As illustrated, method 700 include performing block 704 if the distance is less than the threshold distance in block 703. Block 704 may include determining a speed difference between a speed limit and the second vehicle velocity. For example, a host vehicle may retrieve a speed limit from a BSM (e.g., a broadcast by an infrastructure object), retrieving the speed limit from a navigation system, retrieving a cruise-control setting, receiving a user input of the speed limit, etc. The host vehicle may retrieve the remote vehicle's speed from its BSM. Block 704 may further comprise determining the difference between the speed limit and the remote vehicle's speed based on these inputs. Method 700 further comprises block 705, which may include evaluating a speed difference condition based on the speed difference. For example, block 705 may comprise determining if the speed difference is greater than a speed difference threshold. For instance, the threshold may be user configured parameter, a preprogrammed system parameter, etc. In some examples, the threshold may be a speed between 0 km/hr and 40 km/hr (e.g., between 5 and 30 km/hr, such as, for example, 10 km/hr). If the speed difference is smaller than the threshold, then method 700 returns to block 701 (e.g., the detected vehicle is determined to be a non-slow-moving vehicle). If the speed difference is greater than the threshold, then method 700 proceeds to block 706.
Block 706 may include calculating a heading difference α between the host vehicle and the remote vehicle (e.g., as described with respect to block 404). Method 707 further comprises block 707, which includes evaluating a heading condition (e.g., as described with respect to block 405) the calculated heading difference α. As illustrated, block 707 includes determining if an absolute value of the heading difference is less than a first threshold angle indicative of the remote vehicle traveling in the same direction as the host vehicle. For example, the threshold angle may between 3° and 7° (e.g., 5°). If the difference exceeds the threshold, then method 700 returns to block 701 (e.g., a detected slow moving vehicle is traveling in a different direction). If the difference meets the threshold, then method 700 proceeds to block 708.
Block 708 includes calculating a relative angle θ between the host vehicle and the remote vehicle (e.g., as described with respect to block 104, 304, 406, etc.). Method 700 further comprises block 709, which includes evaluating a relative angle condition based on the calculated relative angle θ. As illustrated, block 709 comprises determining if an absolute value of the relative angle is less than a threshold. For example, the threshold may be indicative of a remote vehicle in the same lane as the host vehicle. In some examples, the lower threshold may comprise an angle threshold between 1° and 8°. For instance, the threshold may be 1°. If the relative angle exceeds the threshold, the method 700 may return to block 701 (e.g., the remote vehicle may be determined to be in a different lane than or behind the host vehicle).

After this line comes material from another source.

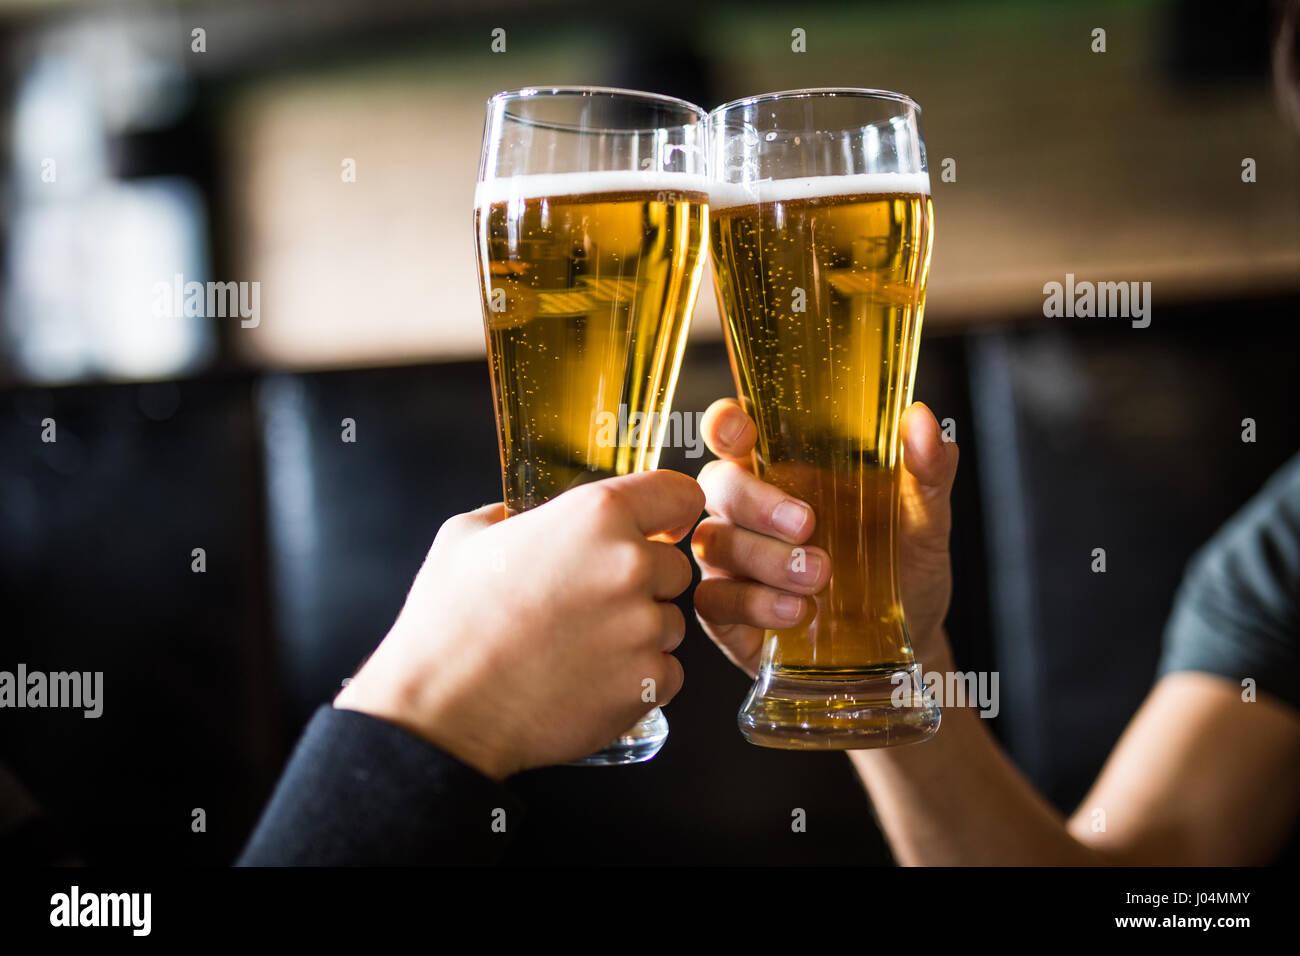 Gli uomini cheers con la birra in bicchieri nel pub. Immagini Stock
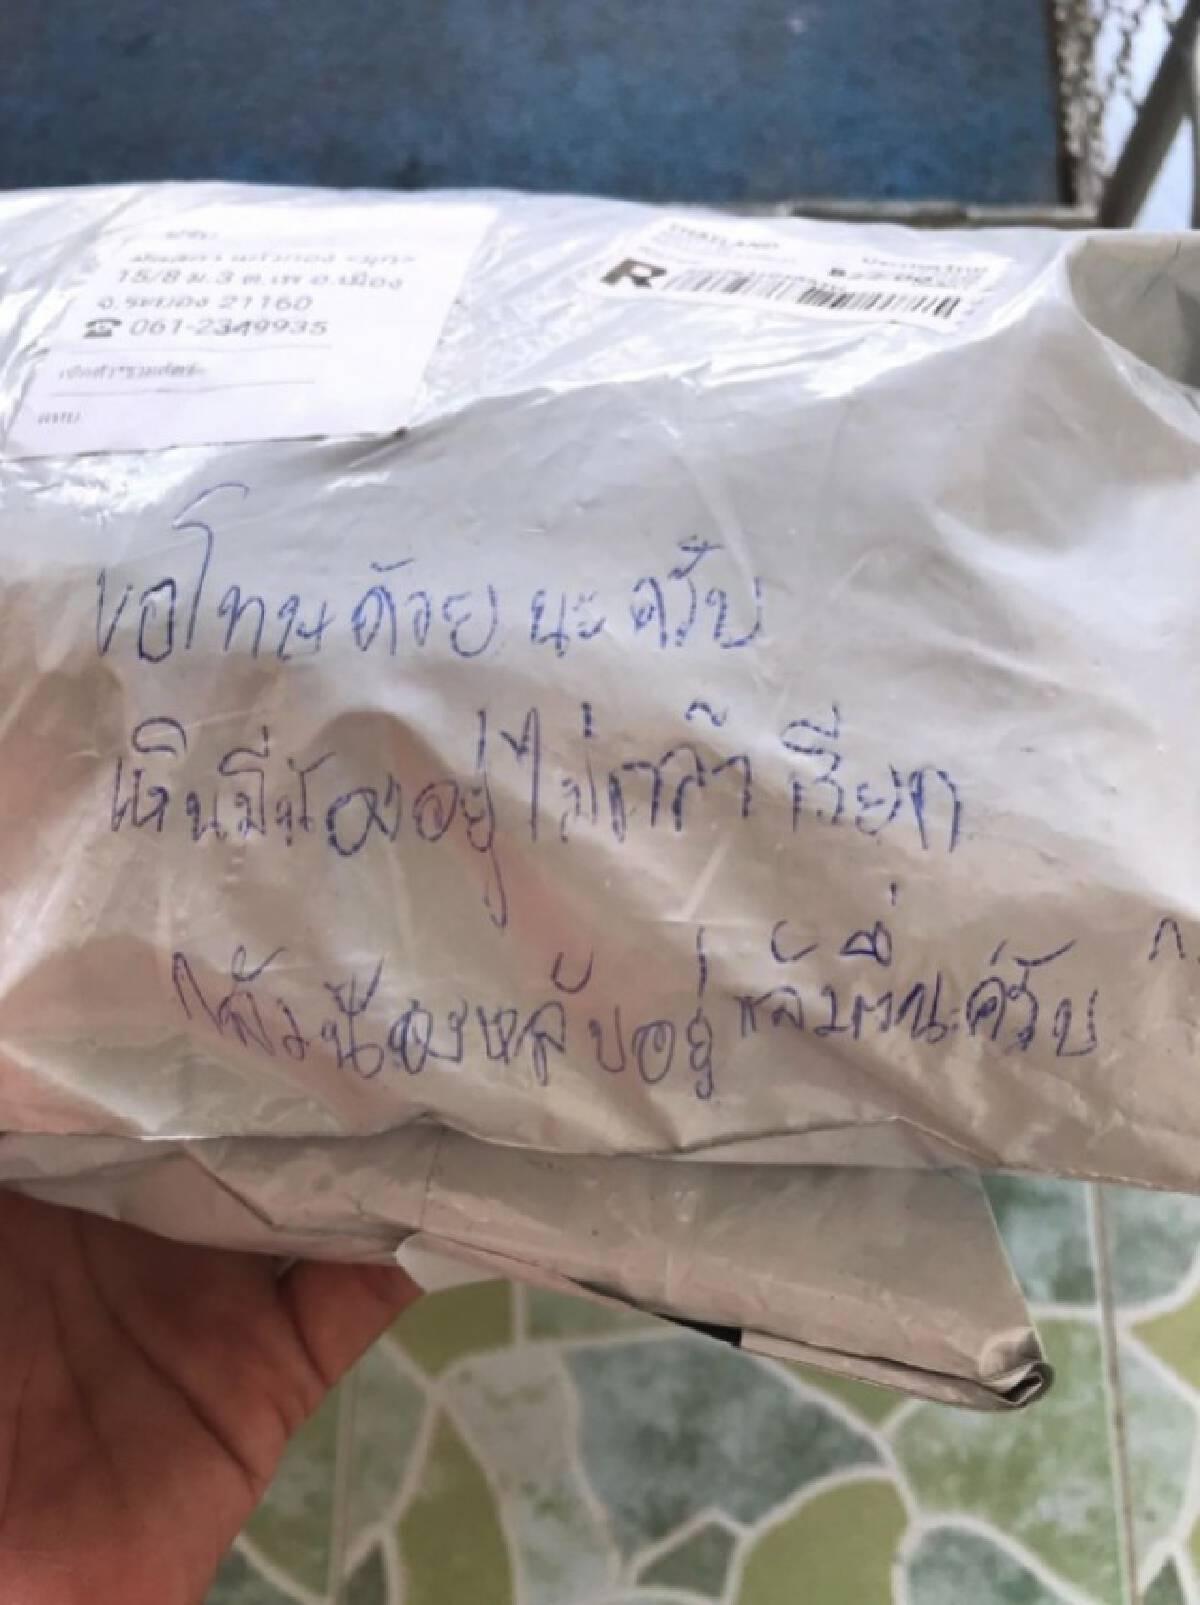 สาวประทับใจ ได้รับของจากไปรษณีย์ เห็นข้อความบนพัสดุแล้วสุดปลื้ม!!

In some examples, method 700 may include block 710, which may include detecting the vehicle safety condition as a slow-moving vehicle condition based on the conditions (e.g., block 106, 408, etc.). In some examples, block 710 may further comprise outputting a warning or performing a driving maneuver (e.g., block 107, 409, etc.). For example, block 710 may comprise outputting a visual warning, audible tone, haptic warnings, etc. As another example, block 710 may comprise performing a maneuver such as applying the host vehicle brakes, changing lanes, etc.
Block 723 may include calculating a heading difference α between the host vehicle and the remote vehicle (e.g., as described with respect to blocks 404, 706). Method 720 further comprises block 724, which includes evaluating a heading condition based on the calculated heading difference α (e.g., as described with respect to block 405, 707). As illustrated, block 724 includes determining if the heading difference is between a lower heading threshold and a higher heading threshold indicative of the remote vehicle traveling towards the host vehicle. For example, the lower heading threshold may between 150° and 170° (e.g., 160°) and the upper heading threshold may be between 190° and 210° (e.g., 200°). If a is outside the range, then method 700 returns to block 701 (e.g., there is no oncoming vehicle in a neighboring lane). If a is within the range, then method 720 proceeds to block 725.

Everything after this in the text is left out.